The instructions on this page will guide you in modifying a liquid simulation so that it cascades into another simulation. This is used to connect multiple simulations together for situations like a waterfall connecting to a river. It can also be used to divide up simulations that would otherwise require a very large simulation grid.
Steps
To follow along this tutorial, you can either download the provided project files, go through the Creating a Simple Liquid Simulation tutorial or modify your own custom liquid simulation setup.
In this example, the tutorial starts with the Project Files download.
Create a second Phoenix Liquid Simulator and rename the nodes as follows:
1. Rename the simulator node to phx_simulator_02.
2. Rename the generated sets to phx_sim_set_02 , phx_lgt_set_02 and phx_preview_set_02. For more information on the purpose of those sets, please check the Creating a Simple Liquid Simulation tutorial.
Select phx_simulator_02 and in the Attribute Editor, use the mode dropdown menu to select Liquid. This preset sets up the necessary parameters for a FLIP simulation.
Notice the overlap between the bounding boxes of the simulators. This is required for the transfer of particles between the two grids.
In the Grid tab of phx_simulator_01, set the Container Walls Y to Open.
When creating a Cascade setup, it is important to keep in mind the Container Walls settings of the participating Simulators.
The liquid should be able to exit the first simulator in order to enter the second one.
Thus, both the bottom of phx_simulator_01 and the top of phx_simulator_02 need to be Open.
To create the Cascade connection between the simulators, first select the destination (phx_simulator_02) then the source (phx_simulator_01) and go to Phoenix FD Menu → Set Simulator Cascade Connection.
You should now have a link between the two grids.
Note that in the Attribute Editor -> Grid tab of phx_simulator_02, the source simulator is listed under the Cascade Simulator field.
The last step is to make sure that Velocity channel export is enabled from the Output tab for the source simulator.
Select phx_simulator_01, go to the Attribute Editor → Output and enable Velocity.
If the Velocity channel export is disabled, Phoenix will print the following warning in the Script Editor:
// Warning: Phoenix FD: Cascade connection will not work properly due to missing channels in the Source simulator!
Please export them from the Source simulator's Output panel, simulate it again,
and then run this simulator again.

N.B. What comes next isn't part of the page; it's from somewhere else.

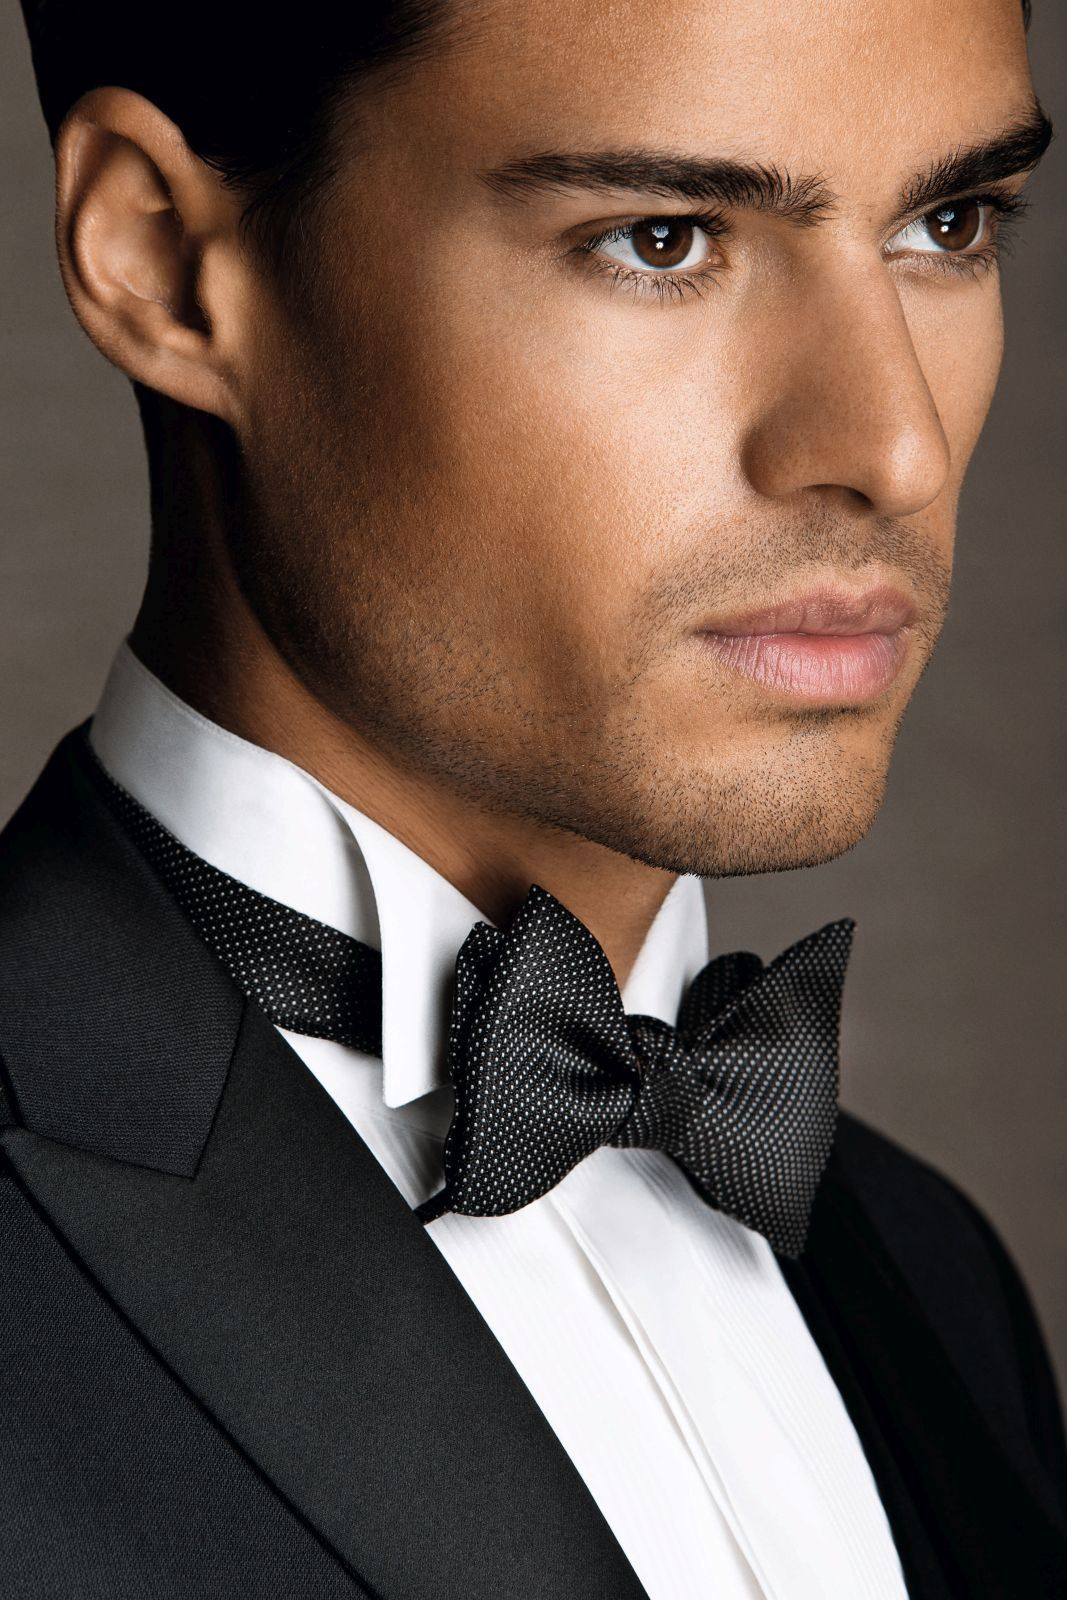 Alex bechet model

The missing channels are: Grid Velocity //
Select phx_simulator_01, press Start and wait for the simulation to finish.
The workflow is as follows:
First, the source grid is simulated and the contents are cached to disk.
Then, once the first simulation is complete, you start the second simulation.
The second simulator uses the cached files to determine where to add the liquid and how it should move once generated. This is why the Velocity channel from the first (source) simulator is required.
When the first simulation is complete, select phx_simulator_02 and press Start.
The liquid that exits from the bottom of the source simulator appears at the top of the destination one.
You may repeat those steps to link a 3-rd simulator to the 2-nd one, and so on.
If you notice a mismatch between the density of the liquid particles in the 2 simulators, make sure that the Preview tab → Detail Reduction parameter has the same value for both grids.